CESTAT Mumbai held that demand to be unsustainable as even though belatedly the appellant has availed option provided under rule 6 and reversed the relevant cenvat credit along with interest. Concluded that even post-clearance compliance of stipulations precluded denial of an entitlement available otherwise.

Facts- The appellant is a manufacturer of ‘equipment for heating, cooling and separation’ and, having procured certain ‘taxable services’ during 2011-12, proceeded to take credit of tax in the invoices as permissible under rule 3 of CENVAT Credit Rules, 2004. Trading volumes for the period was reported as Rs. 2,32,21,99,414 and the impugned recovery of 5% thereof, as provided in rule 6(3) of CENVAT Credit Rules, 2004 of is cause of dispute herein.

Conclusion- Held that even post-clearance compliance of stipulations precluded denial of an entitlement available otherwise.

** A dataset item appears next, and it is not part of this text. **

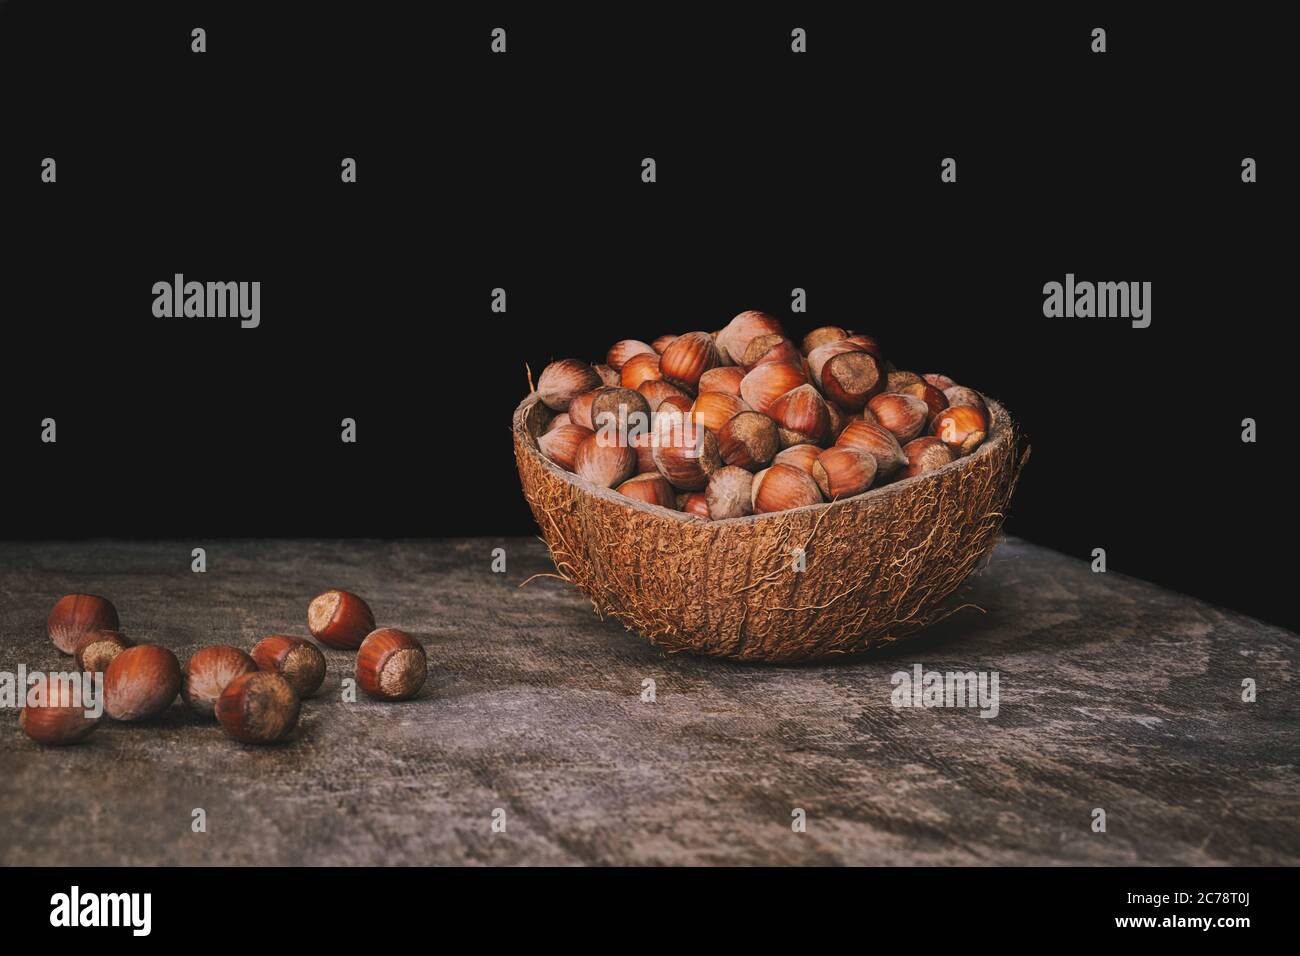 Pile of shelled hazelnuts in a coconut shell bowl on a wooden table on black background. Healthy eating. Stock Photo

In these circumstances, the demand based on the harshest of the options as ordered by the original authority does not sustain. However, in having taken that extreme step, the claim of the appellant that obligation contemplated in the scheme has been duly complied with was not ascertained. The discharge of the obligation must be in consonance with the computation envisaged in rule 6 of CENVAT Credit Rules, 2004. To enable such ascertainment, we set aside the impugned order and remand the matter back to the original authority who shall limit proceedings under rule 14 and rule 15 of CENVAT Credit Rules, 2004, if any, only to deficit, if any, in compliance as set out supra.